Need a new sofa? Check out Pete Oyler’s comfy (if slightly bruised looking) loveseat made from layers of distressed cardboard. A chandelier? Try Mike Green’s Strip Door Chandelier, a striking work that suggests a giant glow-in-the-dark jellyfish. (Actually, it’s make from strips of plastic flooring material.) How about jewelry? The pieces in Yong Joo Kim’s “Reconfiguring the Ordinary” collection are made from an unlikely mix of Velcro, zip ties and dried beans. (And, no, I’m not making that up.)

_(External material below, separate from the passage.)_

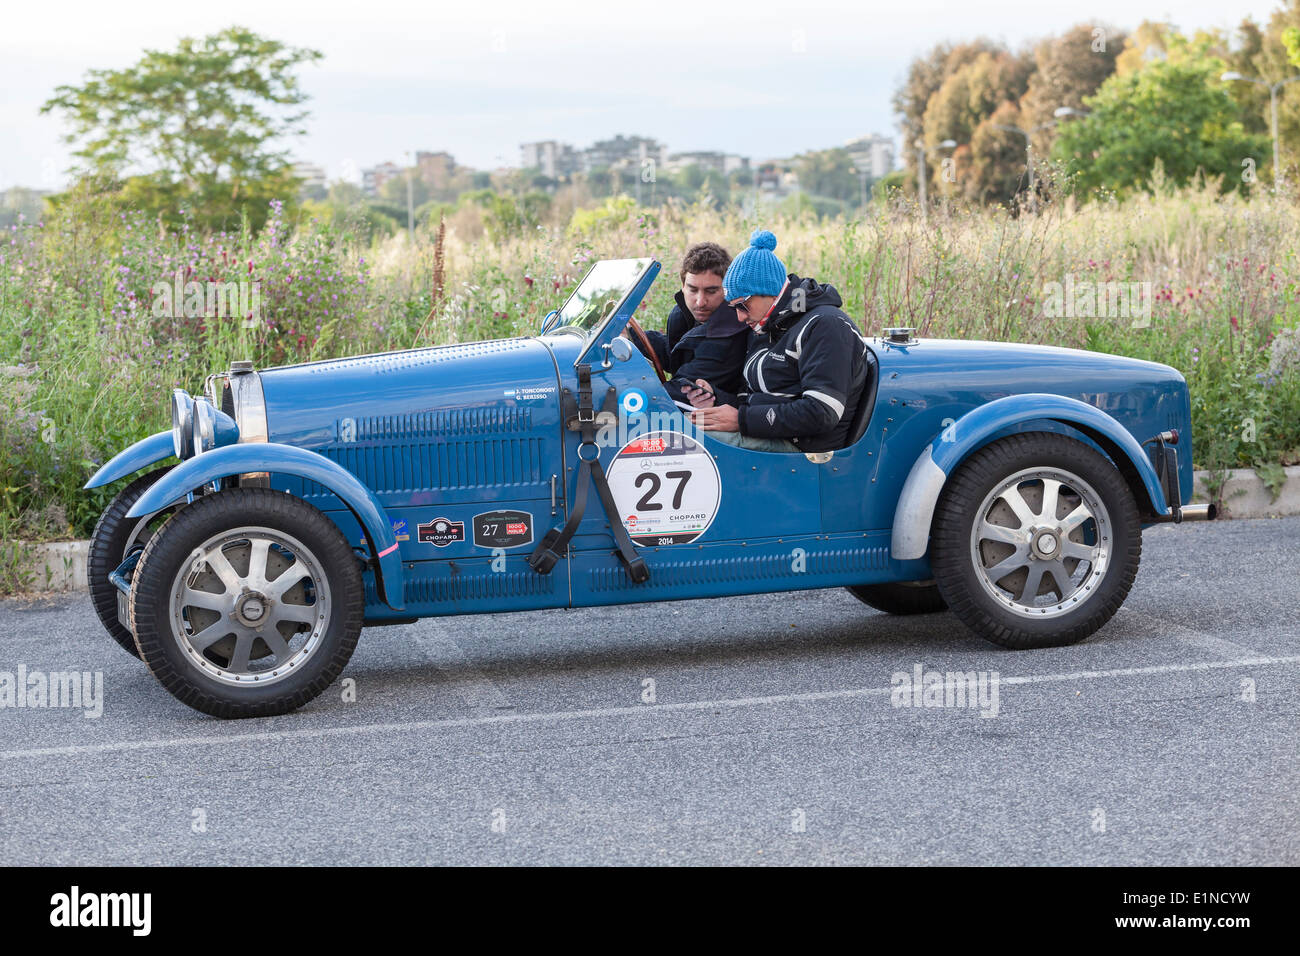 Un 1927 Bugatti alla Mille Miglia auto classica del rally 1000 miglia per vetture costruite dal 1927 al 1957 tenuto ogni anno in Italia. Foto Stock

In fact, that wonderfully simple phrase — reconfiguring the ordinary — could serve as the show’s unofficial title. Almost anywhere you look around the Convention Center’s cavernous Hall A, you’ll find artists and designers adjusting and adapting their work to reflect today’s leaner times.
In some cases, the references to economic matters are hard to miss. One of the first things you see as you enter the exhibit is Gabriela Salazar’s For Closure (Indoors, Providence), a towering installation consisting of dozens of old doors stacked together like giant playing cards. The result is not only physically impressive (indeed, it may be the largest single artwork in the exhibit), but it’s a fitting symbol for an era in which many seemingly solid things turned out to be as fragile as a house of cards.
The sputtering economy — and especially the ongoing housing and mortgage crises — also seems to be the inspiration for Kelly Goff ‘s The Crooked Timber of Humanity.
Located next to Salazar’s piece, Goff’s installation features an quirky group of building materials — a steel stud, a plastic downspout diverter, a cement cistern — that have been abused or altered in some way. (The steel stud, for example, was hammered into a ball, then bent back into something like its original shape. Like the economy, it came through its ordeal looking battered yet resilient.)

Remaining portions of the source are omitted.